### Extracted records
----

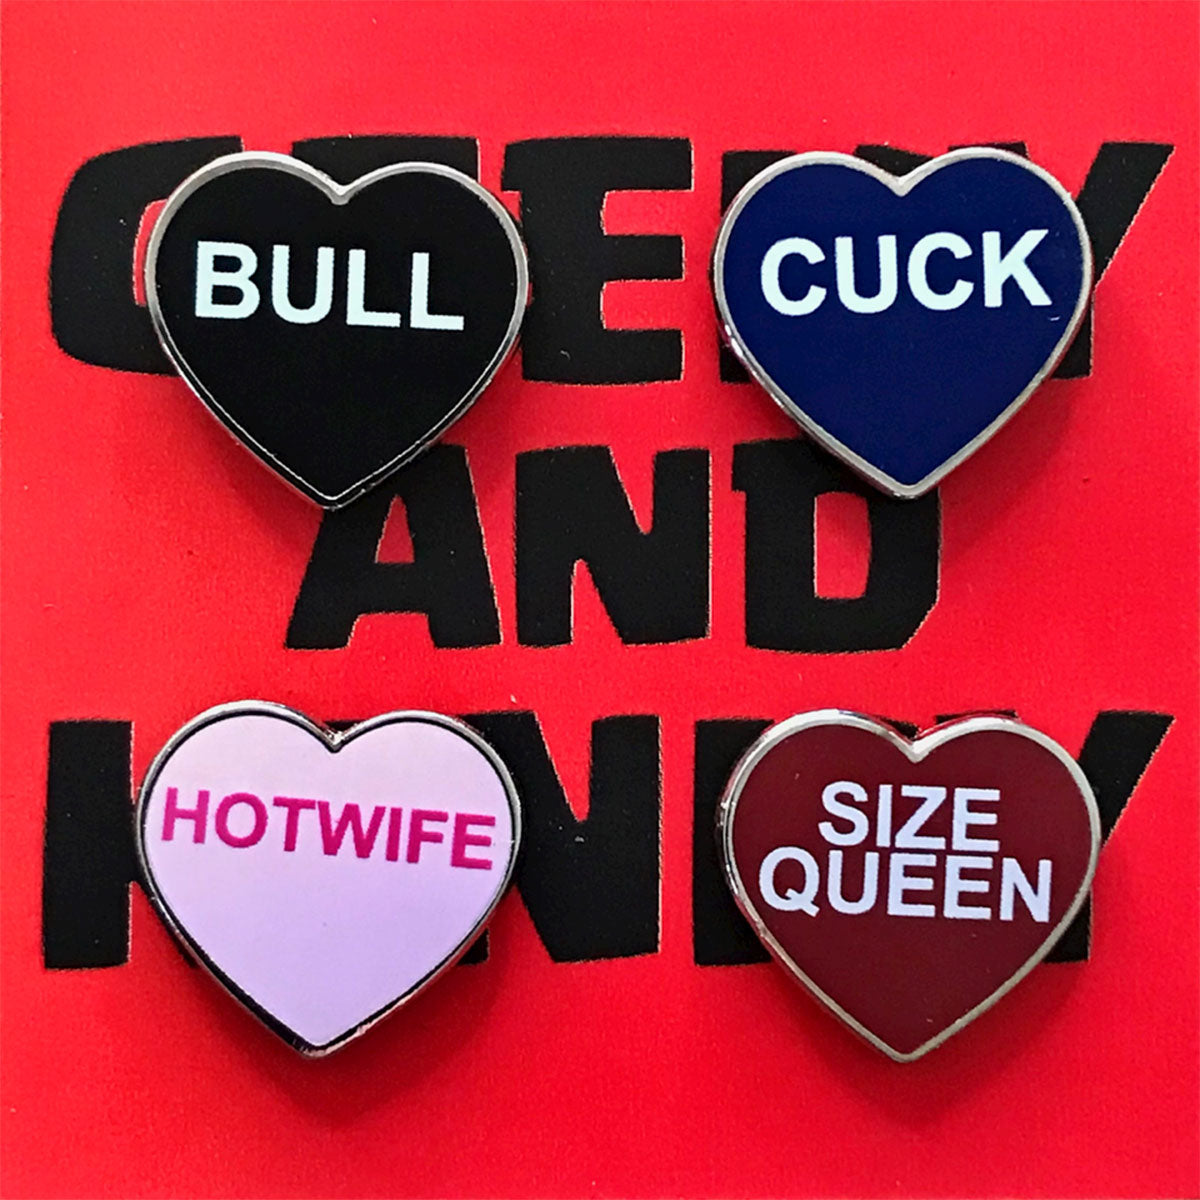 Geeky & Kinky Heart Pin 4pk (Cuck - Bull - Hot Wife - Size Queen)
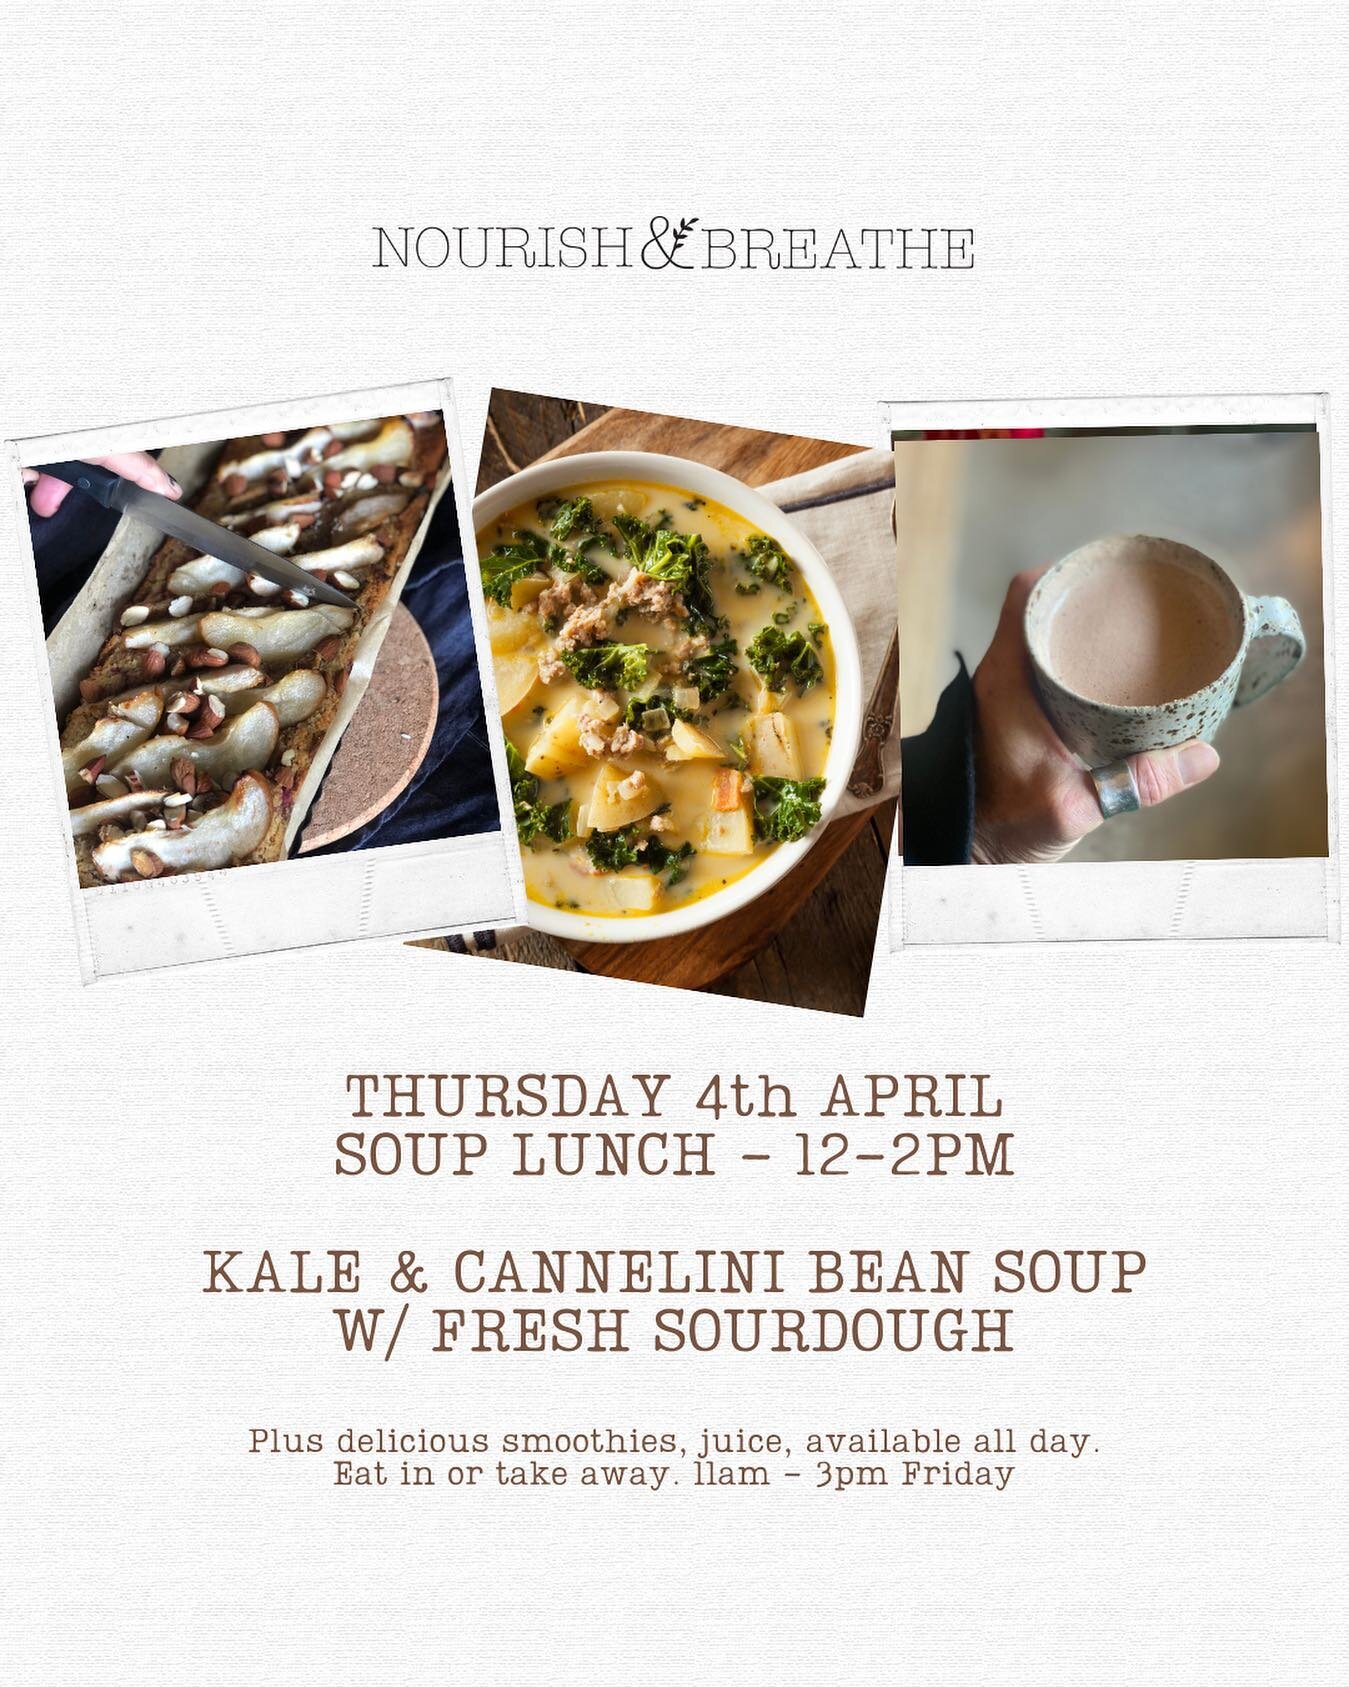 N&amp;B KITCHEN

Thursday 4th April |12-2pm
Soup Lunch 

Kale &amp; Cannelini Bean Soup
w/ fresh sourdough 

(Until it&rsquo;s all gone 😀)

@dairy_road 

#nourishandbreathe #wholefood #nourish #canberrafood
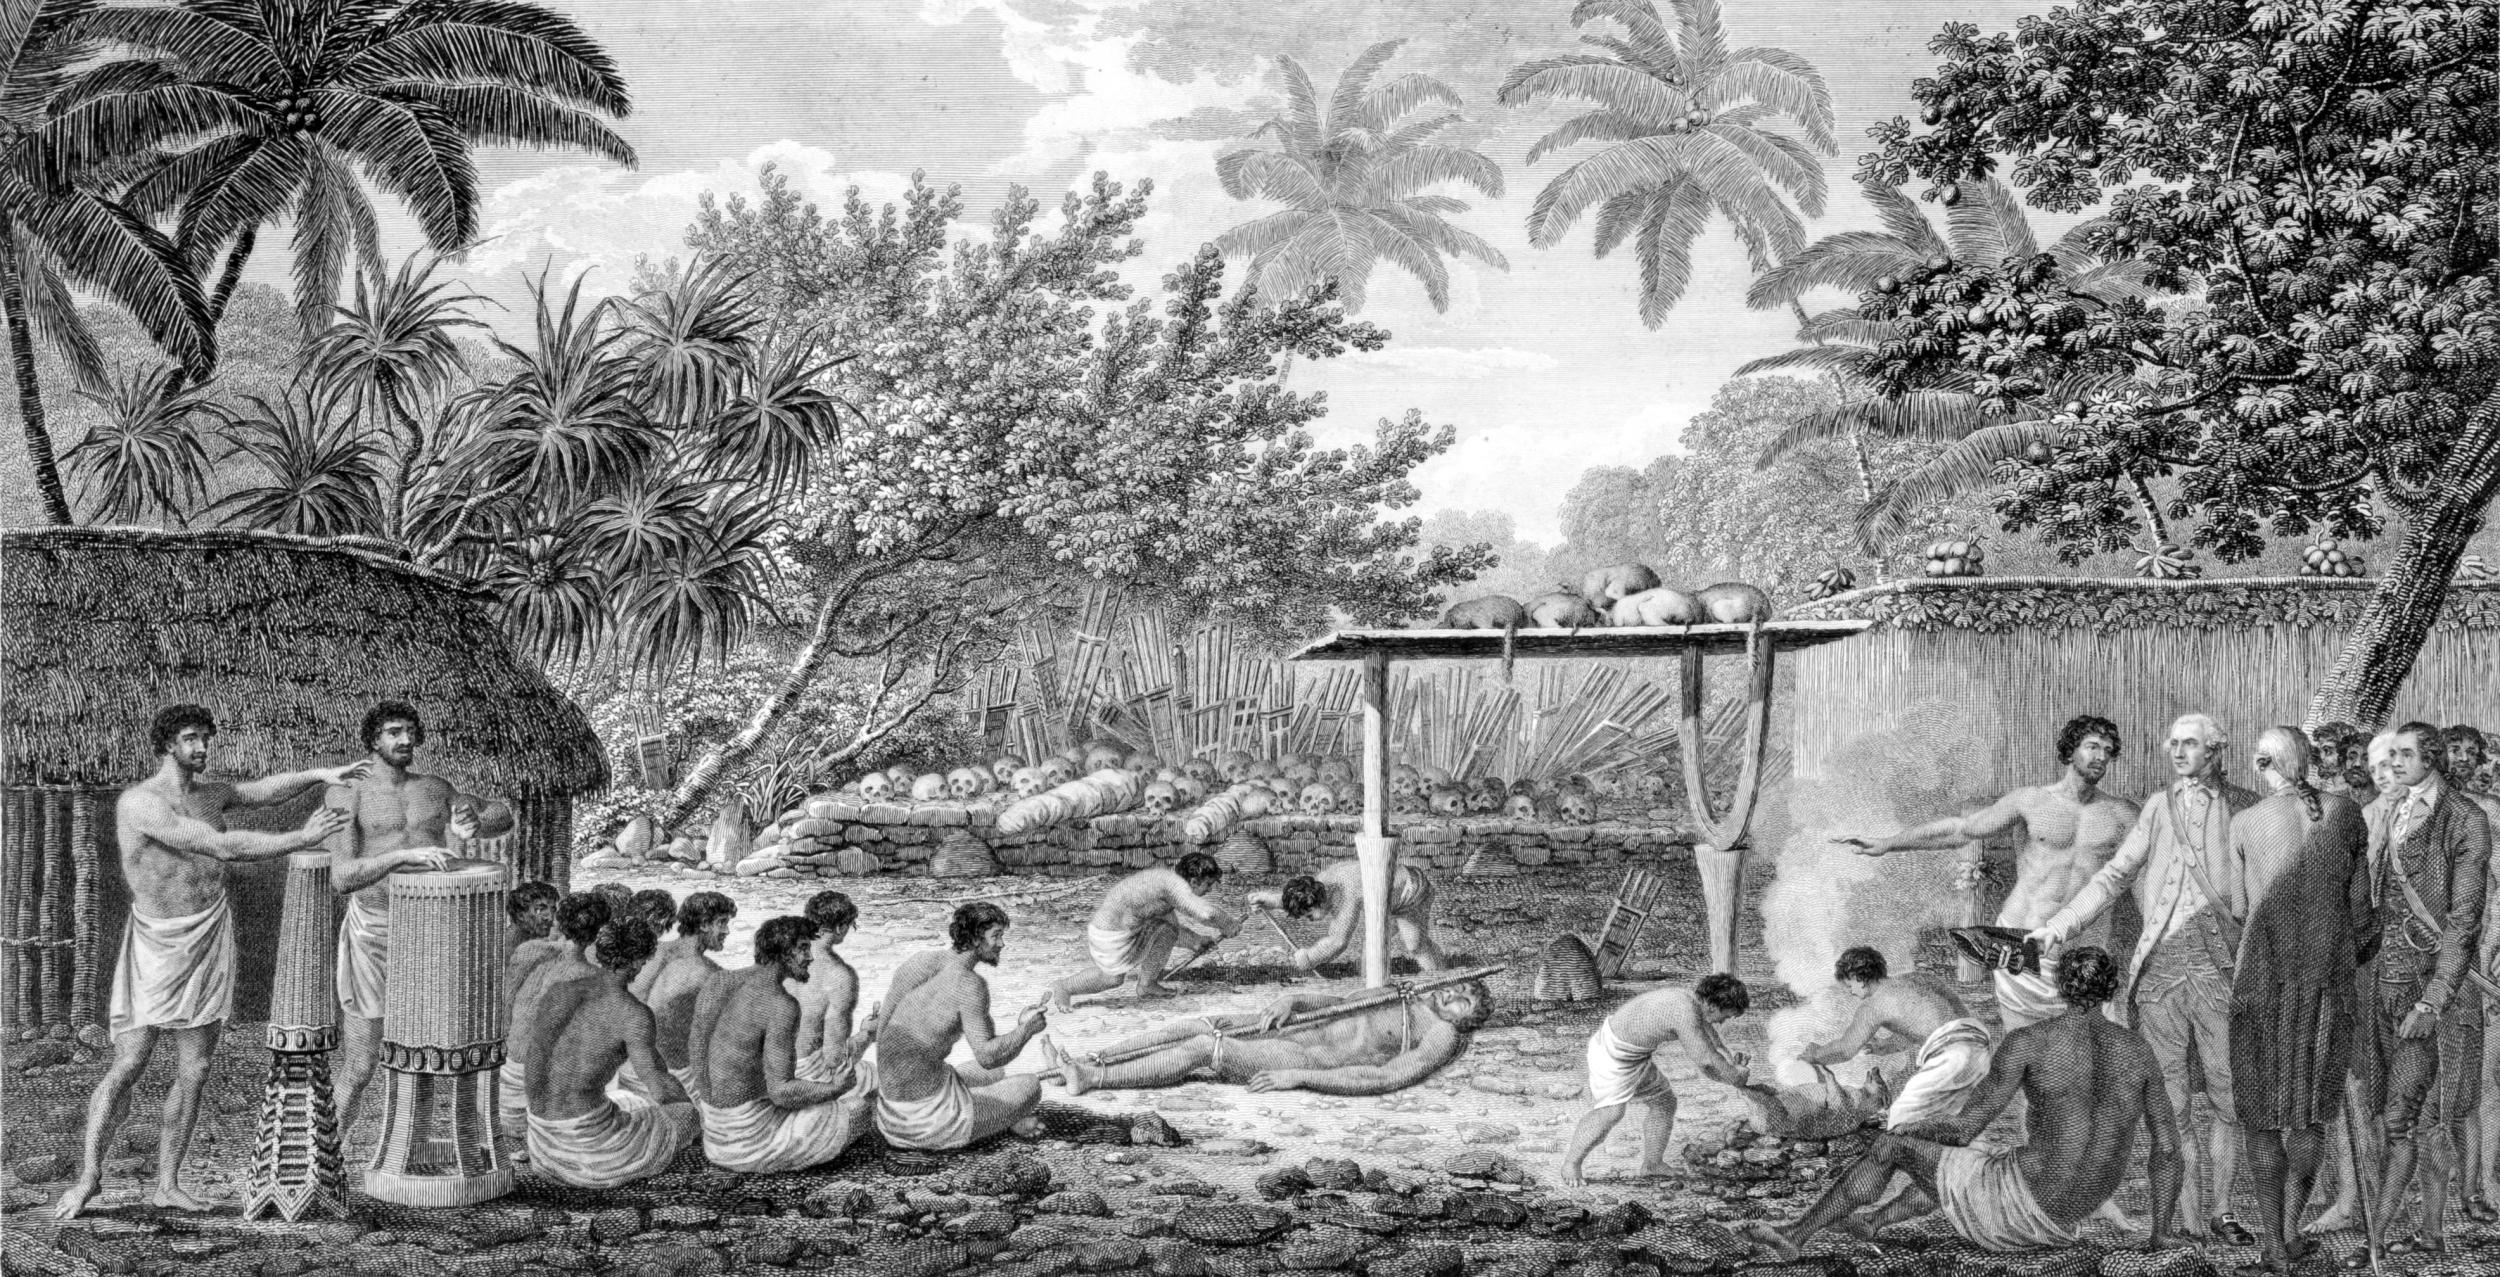 James Cook witnessing human sacrifice in Tahiti c. 1773

----

### Brief
Your answer should be the lines of the records that include the word "Soup".

### Answer space
Soup Lunch 
Kale &amp; Cannelini Bean Soup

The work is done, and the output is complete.